In his written ruling, the judge wrote that Trebby ordering Asprey and Glustrom not to display a banner was a legitimate part of his job. Trebby testified in state court that concerns about potential traffic obstruction in the parking lot gave authorities reason to restrict speech in the lot by ordering Asprey and Glustrom only display the banner in a designated demonstration area. Trebby could reasonably have found probable cause to arrest them on suspicion of interference, even if that was not the case charged, Skavdahl wrote.
“A prudent, reasonable and cautious police officer in Lt. Trebby’s position would reasonably and objectively believe plaintiffs were committing the crime of misdemeanor interference,” Skavdahl wrote. The judge ruled that qualified immunity, which protects government officials from lawsuits for reasonable actions taken as job duties that do not violate already established rights, as applied in Trebby's case.

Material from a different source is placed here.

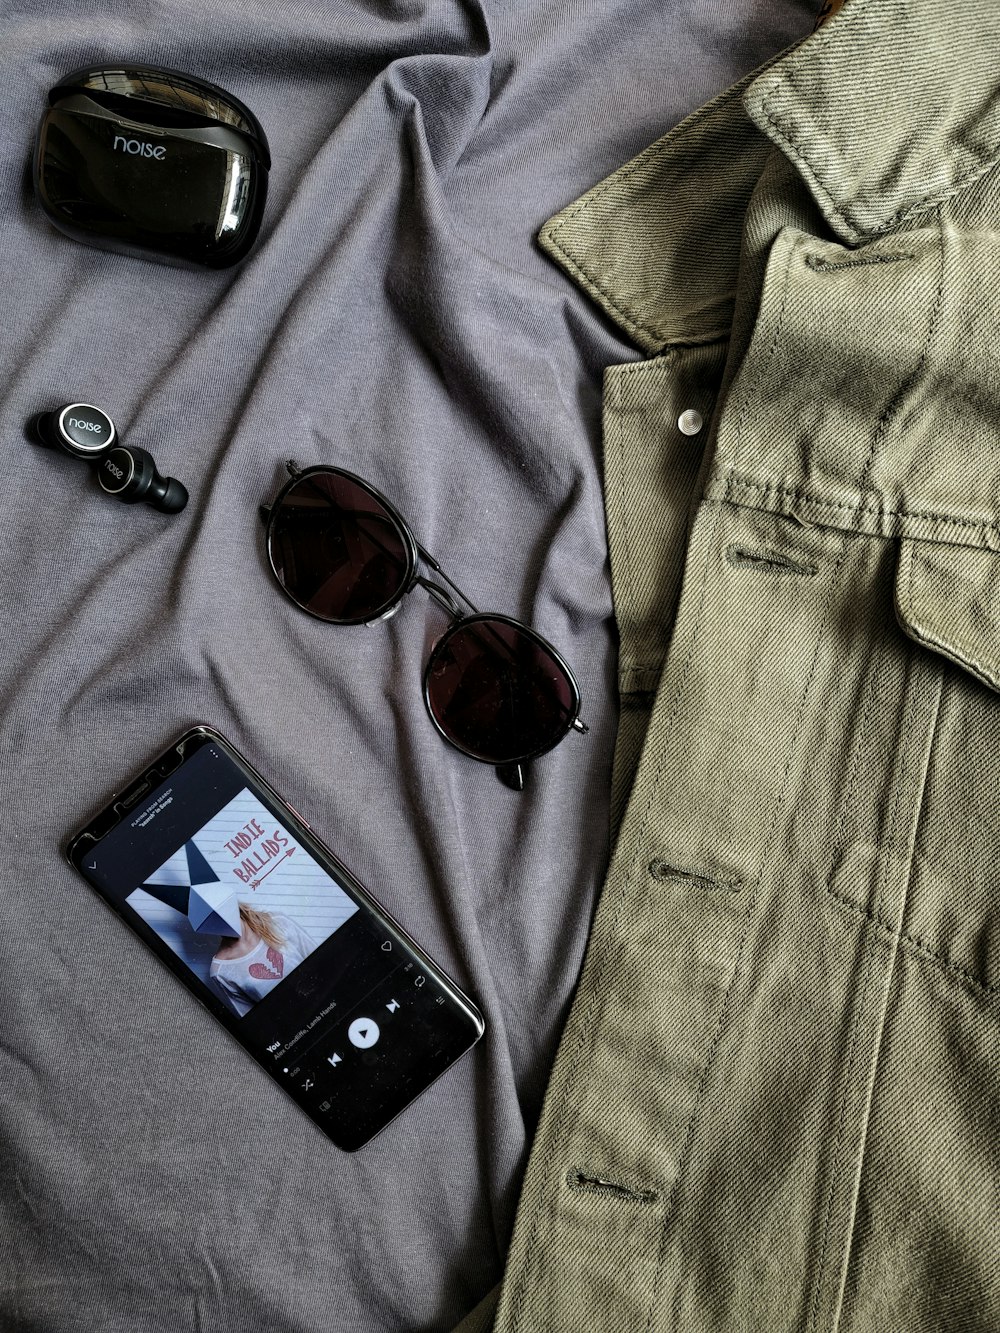 black iphone 4 beside brown framed sunglasses and gray denim button up shirt

Because Skavdahl found Trebby did not violate the protesters’ constitutional rights, the community college and its police department were necessarily not liable for the claims against them. The judge wrote in his decision, however, that even if he had found otherwise, the government would not have been liable because Killmer did not establish a civil rights violation would have been highly predictable or plainly obvious.
By Friday, Killmer had not yet filed a notice of appeal in the case, which drew national press years ago, when Peabody asked the court to strike lyrics from John Prine’s “Paradise” that Killmer had included in legal filings. The 1971 song is critical of Peabody’s mining activities in Kentucky. A magistrate ruled against Peabody on that matter in September 2015. After the case received national attention, a representative for Prine thanked Killmer for defending the song’s lyrics and invited him to a 2016 Prine concert in Colorado, which he attended along with Asprey and Glustrom, according to Killmer’s statements and emails provided by Prine’s management.